Dude, you get vitamin D in your food, particularly in fish and butter. If you have a balanced diet, you do not need to take vitamin supplements - period.
Of course, spacefaring people might need to supplement their diet with various vitamins and trace elements to counteract a number of physiological problems caused by limited gravity, lack of UV exposure, et caetera. The simplest way to do it is to "spike" their food with higher than usual levels of vitamins.
Adding higher levels of carbs or stimulants to food is standard practice for many armies and navies around the world, so I don't see why a spacefaring navy wouldn't do it.
That is why I find the notion of "take these supplements to be okay on Ophion" extremely suspicious...
Then again, I'm a military man in an increasingly unfamiliar situation: my trust levels are getting pretty low...
Vitamin D in
butter: ~9IU per serving (not worth mentioning)
tuna/salmon: 300 - 600 IU per serving (worth mentioning)
herring/sardines: ~1680 IU per serving (serious) (specifically North Atlantic, Pacific herring are lower for some reason)
Recommended amounts: (note, the U.S. RDA is not how much you need to be healthy, just the bare minimum to avoid serious issues)
If you get lots of sun: 600 IU daily
Moderate amounts of sun: 1000 IU daily
*If you are diagnosed with low vitamin D levels: 2000 IU daily or a weekly shot of 50,000 IU (depends on your doctor)
Maximum that your doctor will likely recommend: 50,000 IU/weekly (if your levels are low)
Maximum tested safe dose: 100,000 IU weekly for up to 12 months
I can't imagine a ready supply of North Atlantic herring or sardines for the entire, spread across space Navy, but I can imagine regular supplementation (especially given that the requirements for our own bodies to make it, UV, can also lead to things like skin cancer. Thanks, evolution.)

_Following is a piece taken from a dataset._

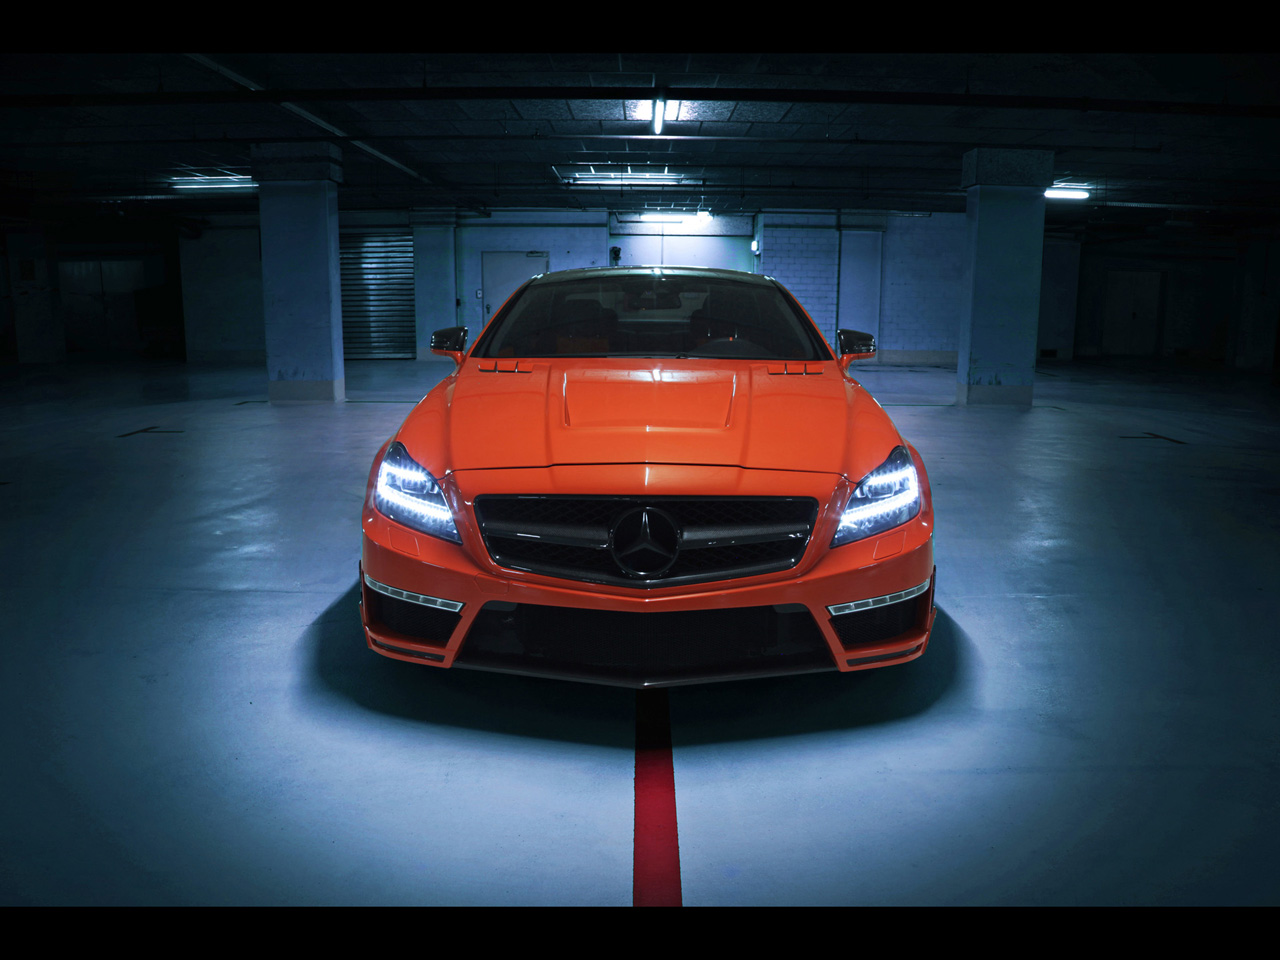 german-special-customs-mercedes-benz-cls63-amg-stealth

That said, five days on a dusty rock, your regular supplements should be fine. Also, you don't switch up contraceptives like that. Both vitamin D and contraceptives need to accumulate in your system, and that's just not going to happen.
I tell you, I don't trust him at all. I
must get into that lab.
*Some of us (especially that live in places like the US Pacific Northwest) still have difficulty generating enough vitamin D to stay healthy. Optimal blood vitamin D is 40 - 59 ng/mL, adequate is 30 - 39, low is less than 30. My tested level was 12 ng/mL. So yeah, I take 2000 IU daily per doctor's orders and my tested levels have now been consistently between 49 and 53.